The data:
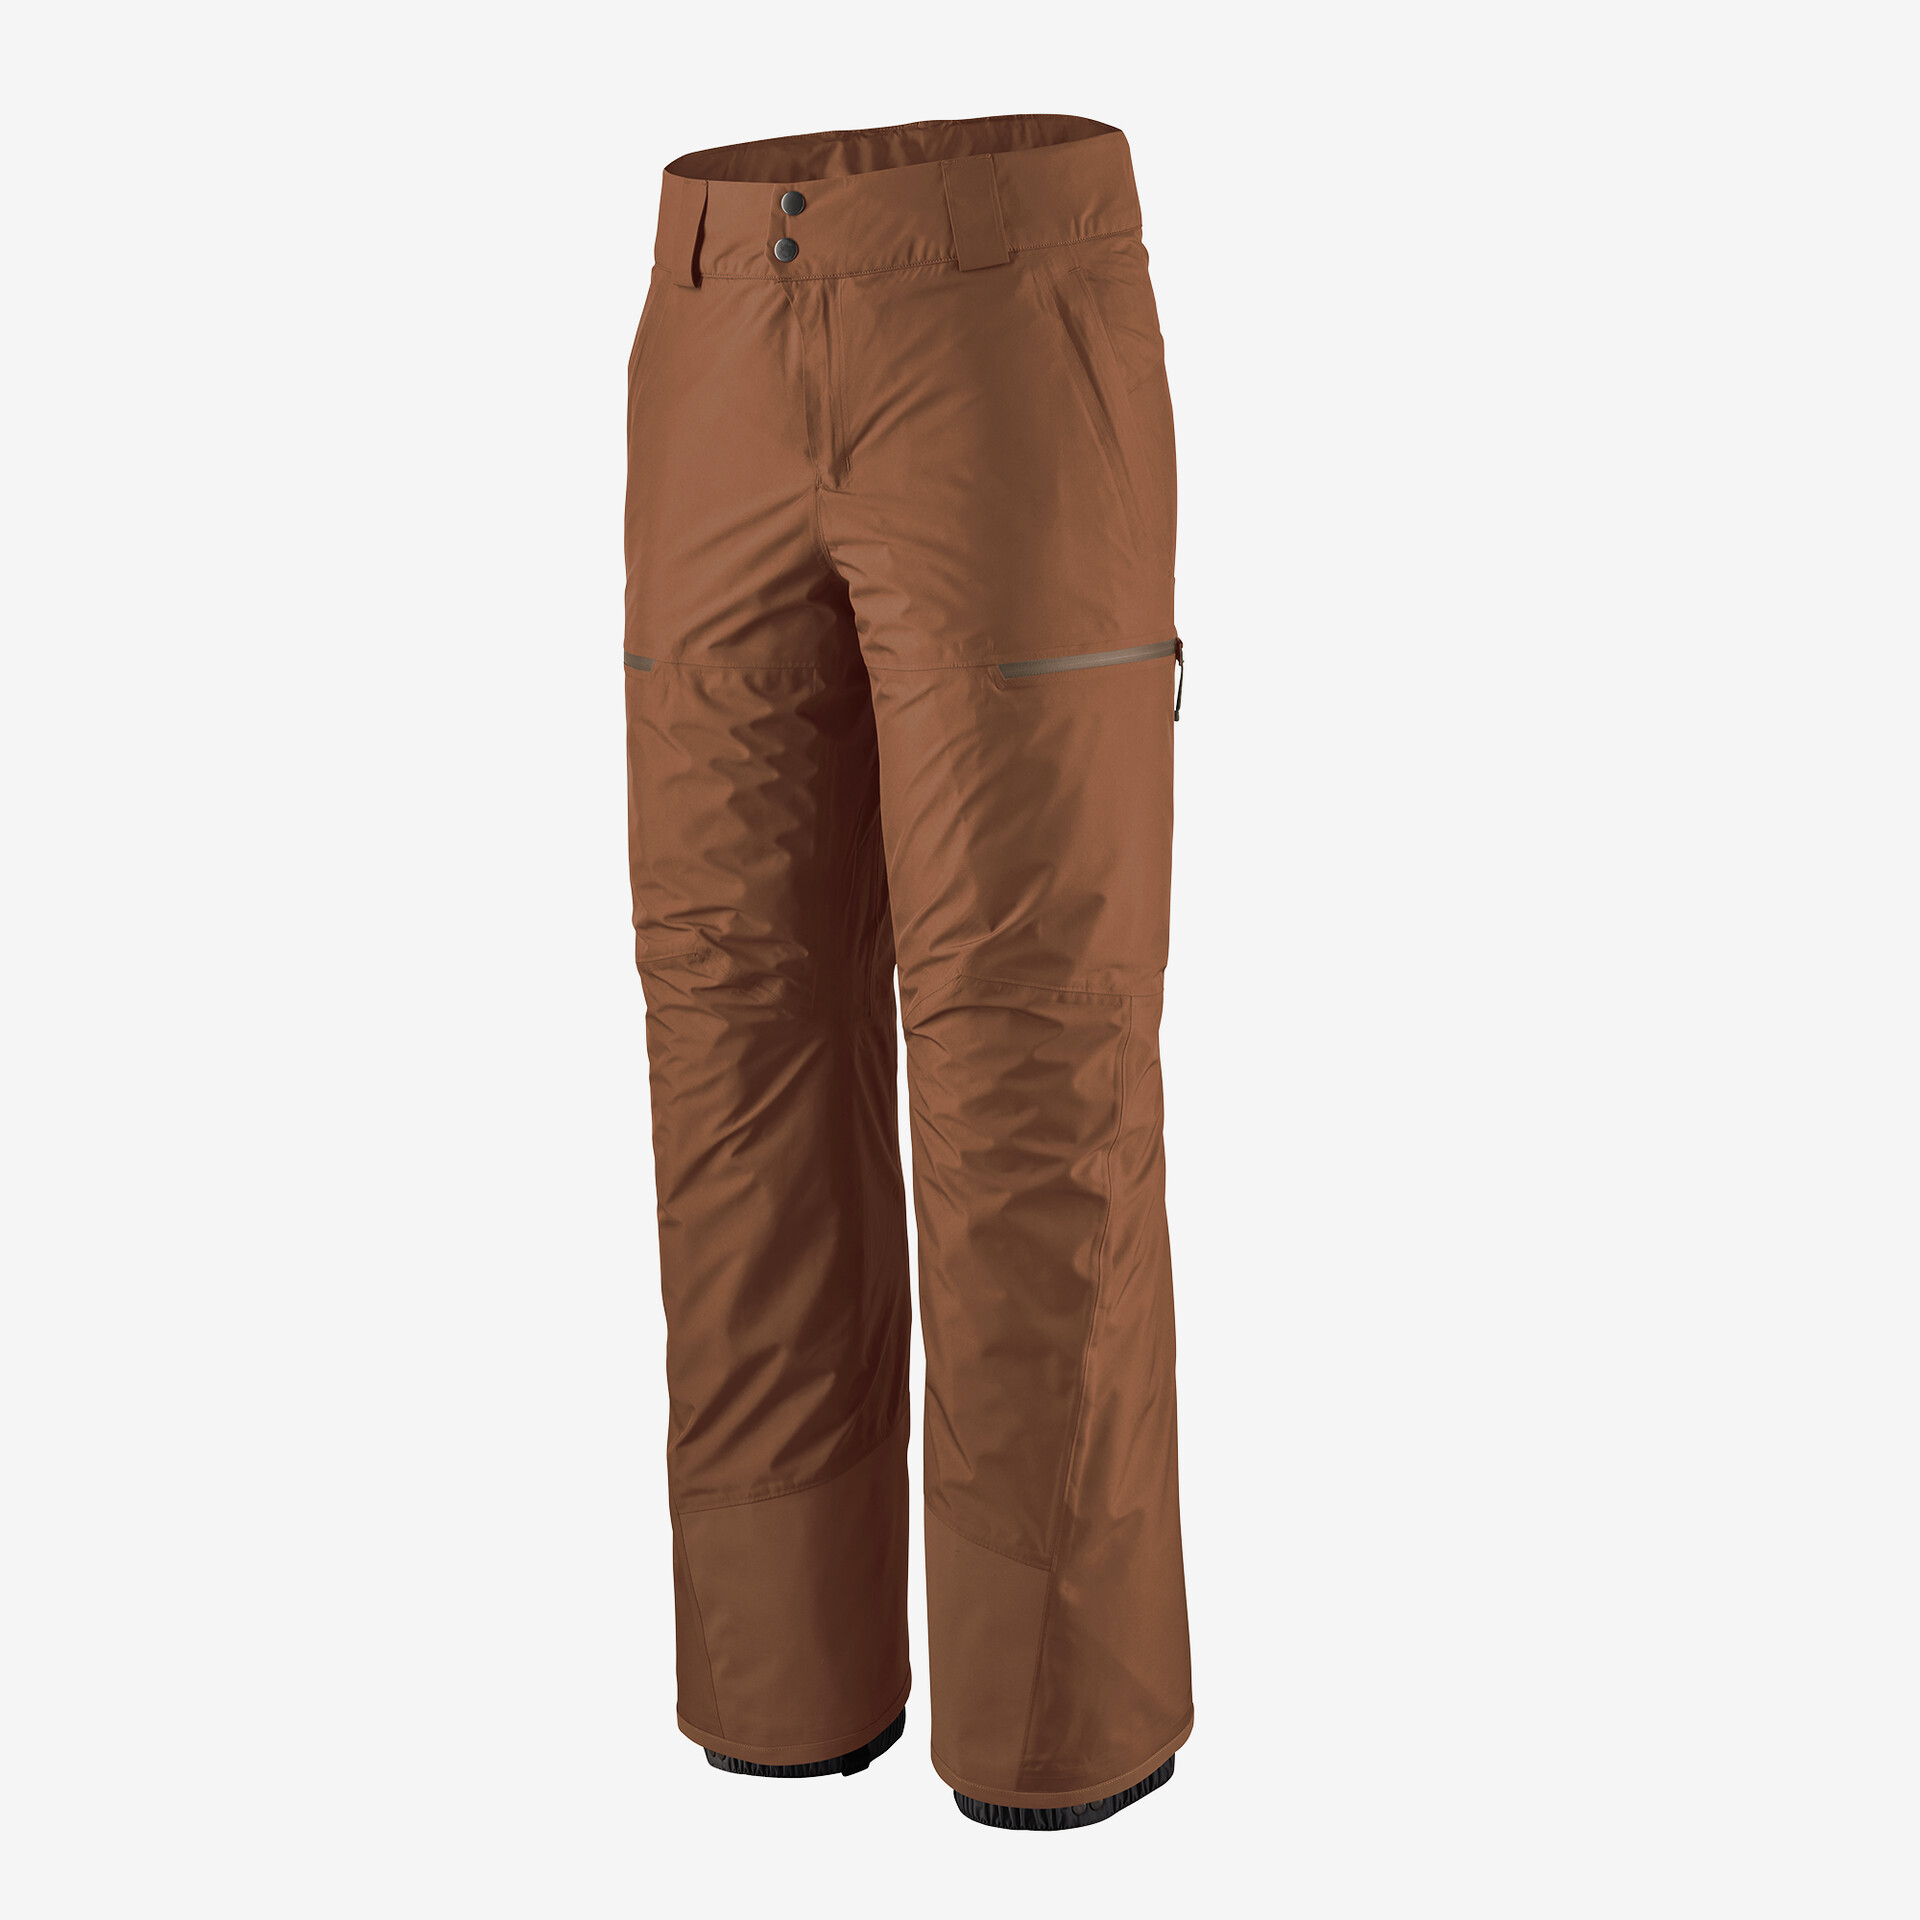 Мужские брюки Powder Town - стандартные Patagonia, мус коричневый мужские брюки storm shift patagonia мус коричневый
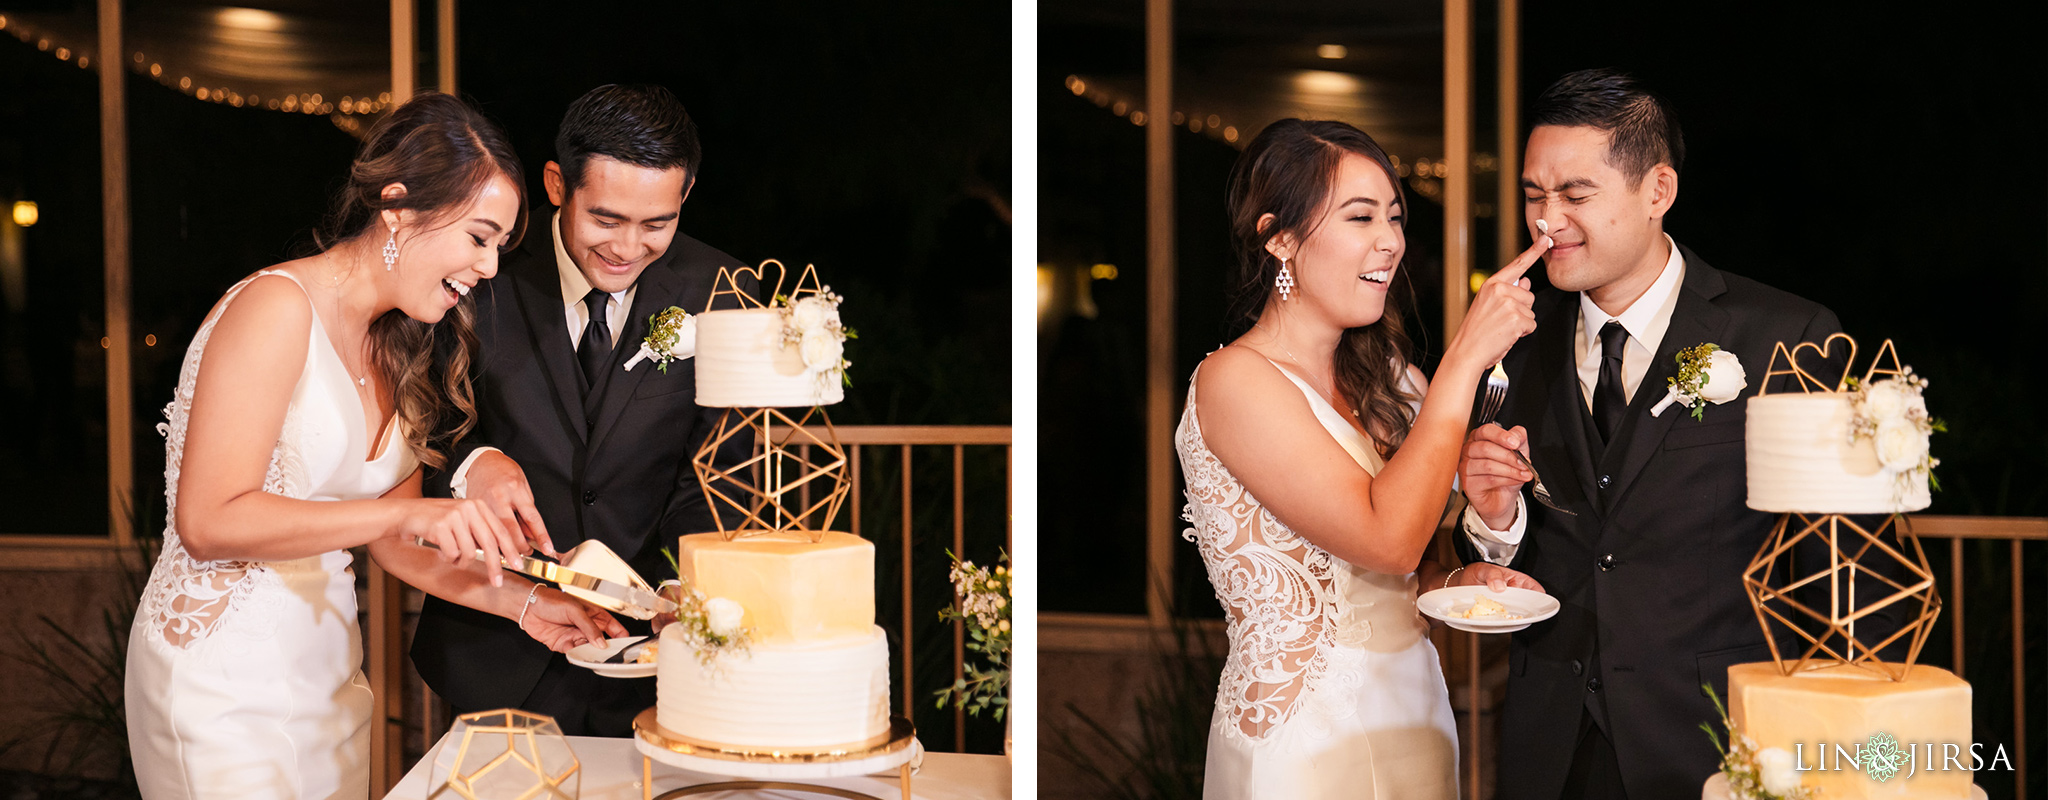 Coto de Caza Golf Club Wedding Photography Cake Cutting
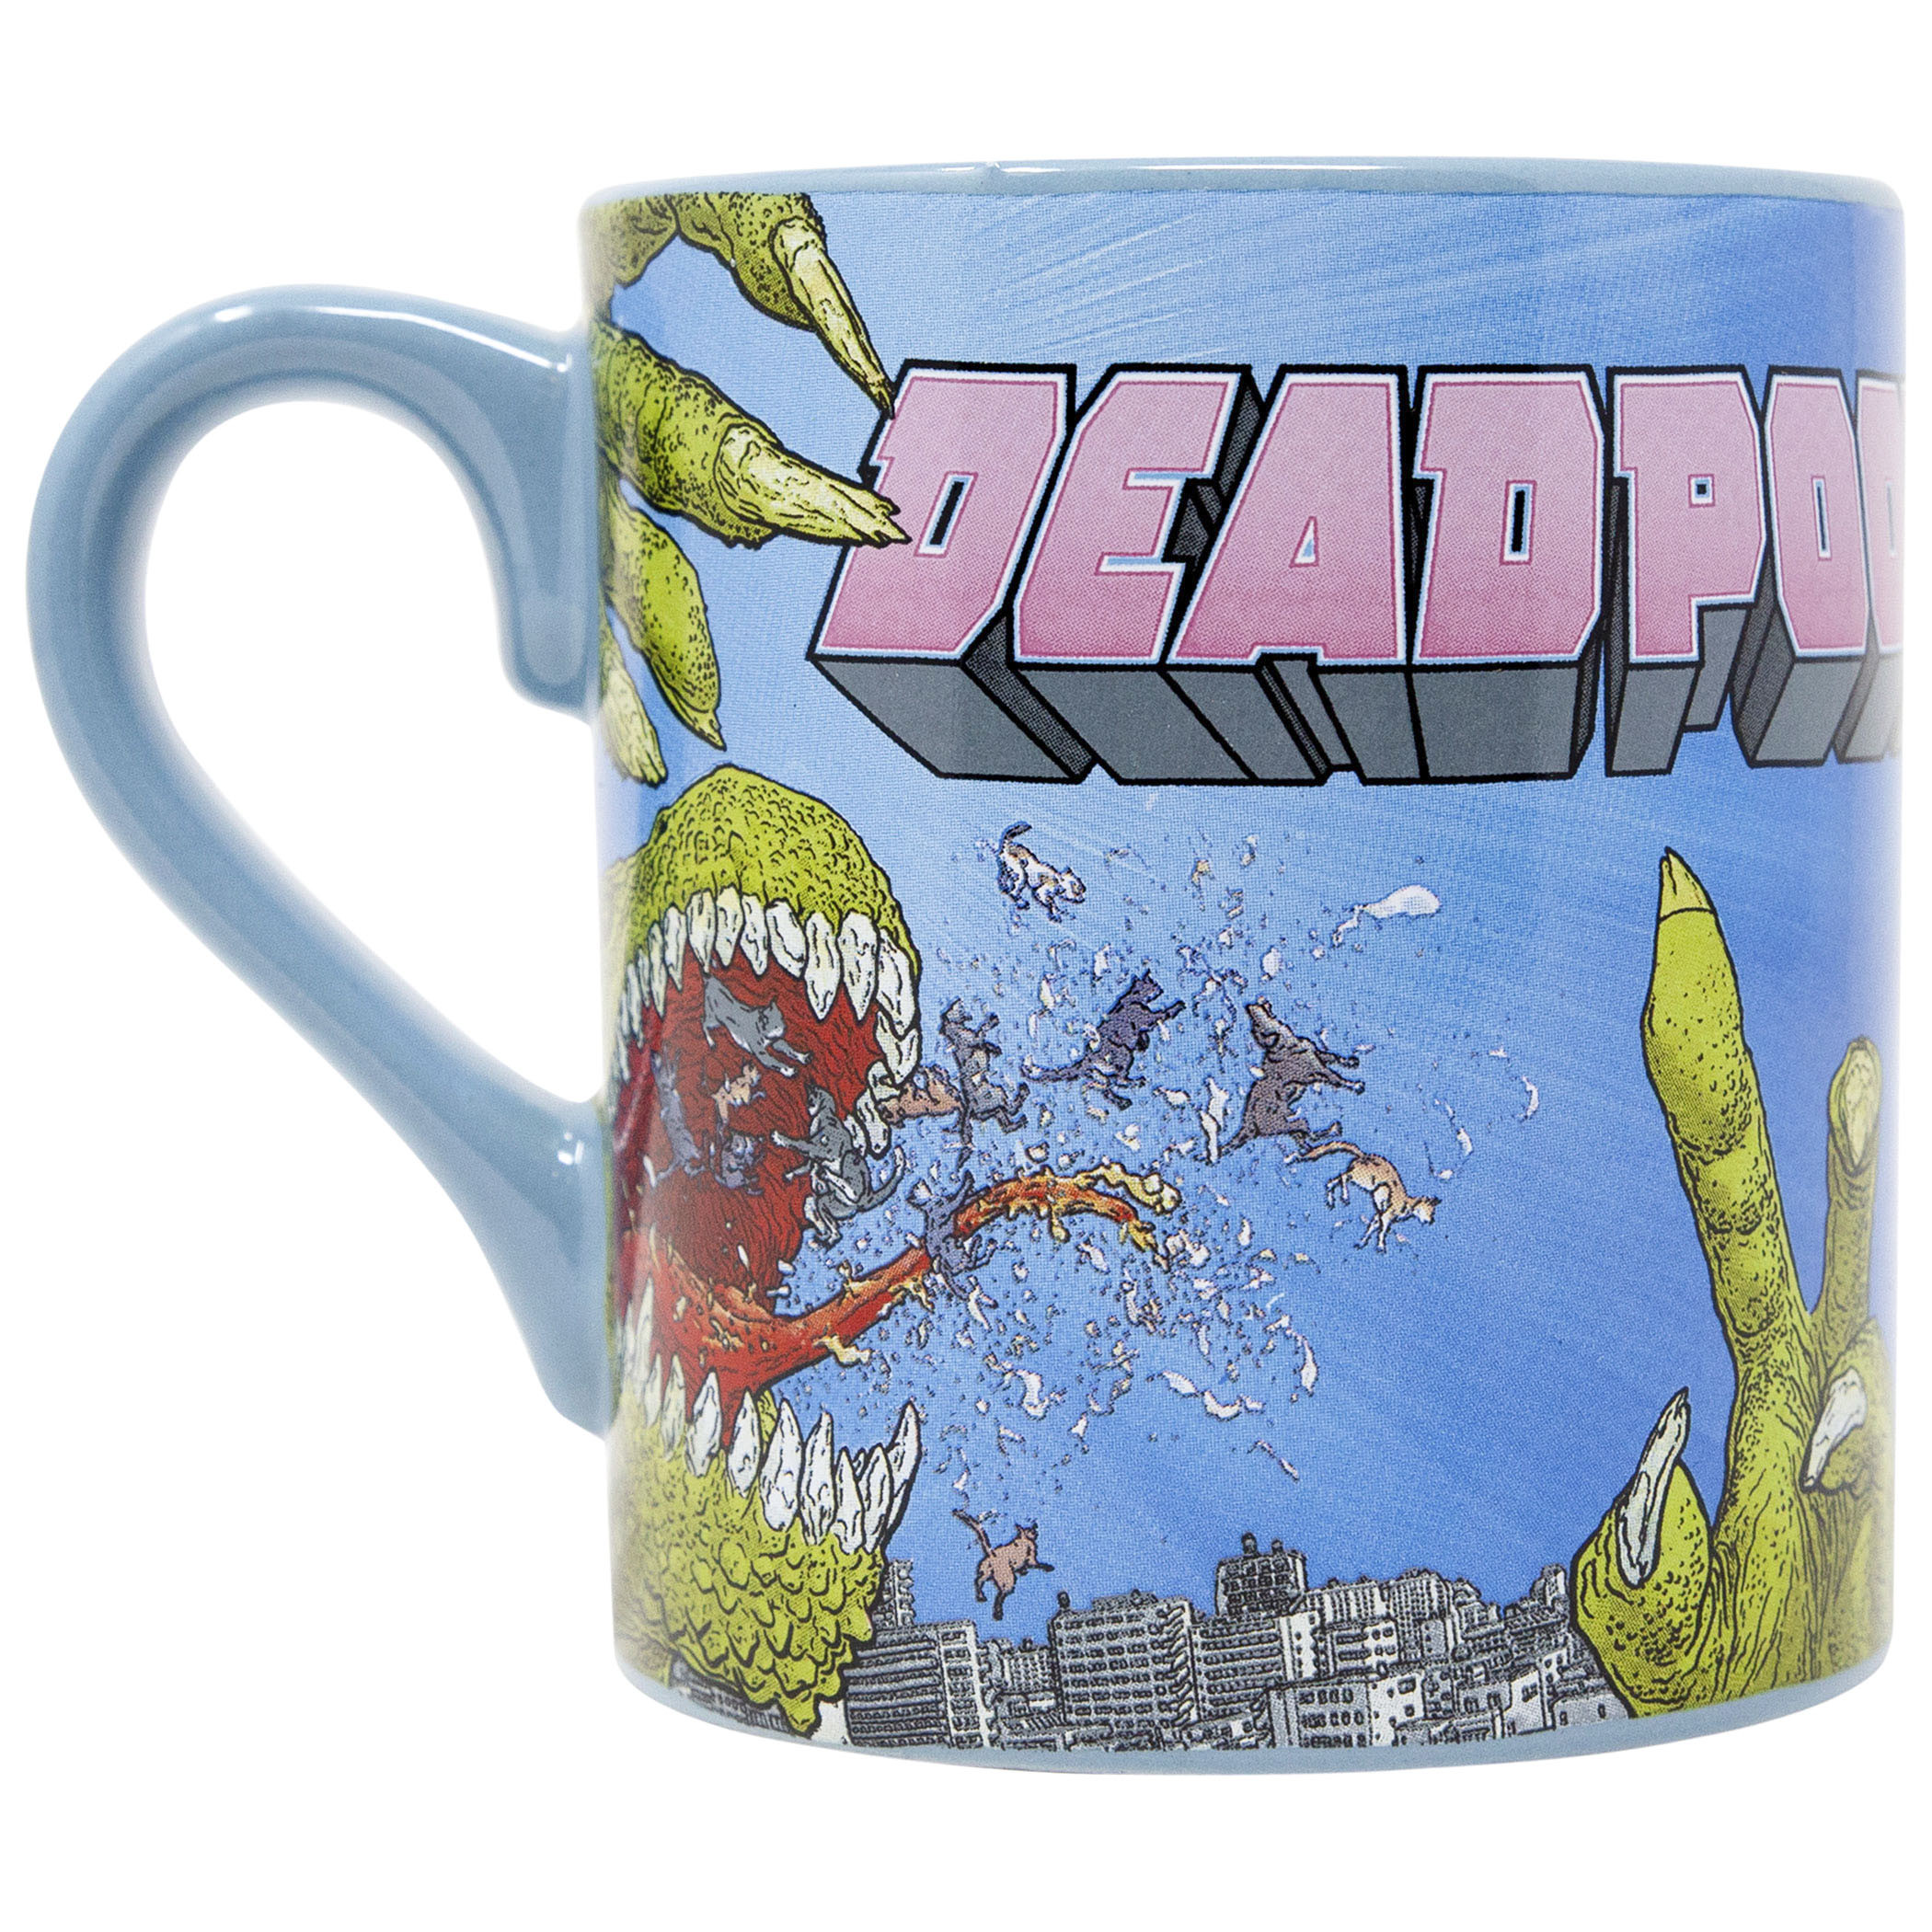 Deadpool Best Mug Ever! Unicorn-Styled 14 Ounce Ceramic Mug

Exercise instructions:
Repeat the data exactly, without the pictures.

Answer to this task:
 Мужские брюки Powder Town - стандартные Patagonia, мус коричневый мужские брюки storm shift patagonia мус коричневый
 Coto de Caza Golf Club Wedding Photography Cake Cutting
 Deadpool Best Mug Ever! Unicorn-Styled 14 Ounce Ceramic Mug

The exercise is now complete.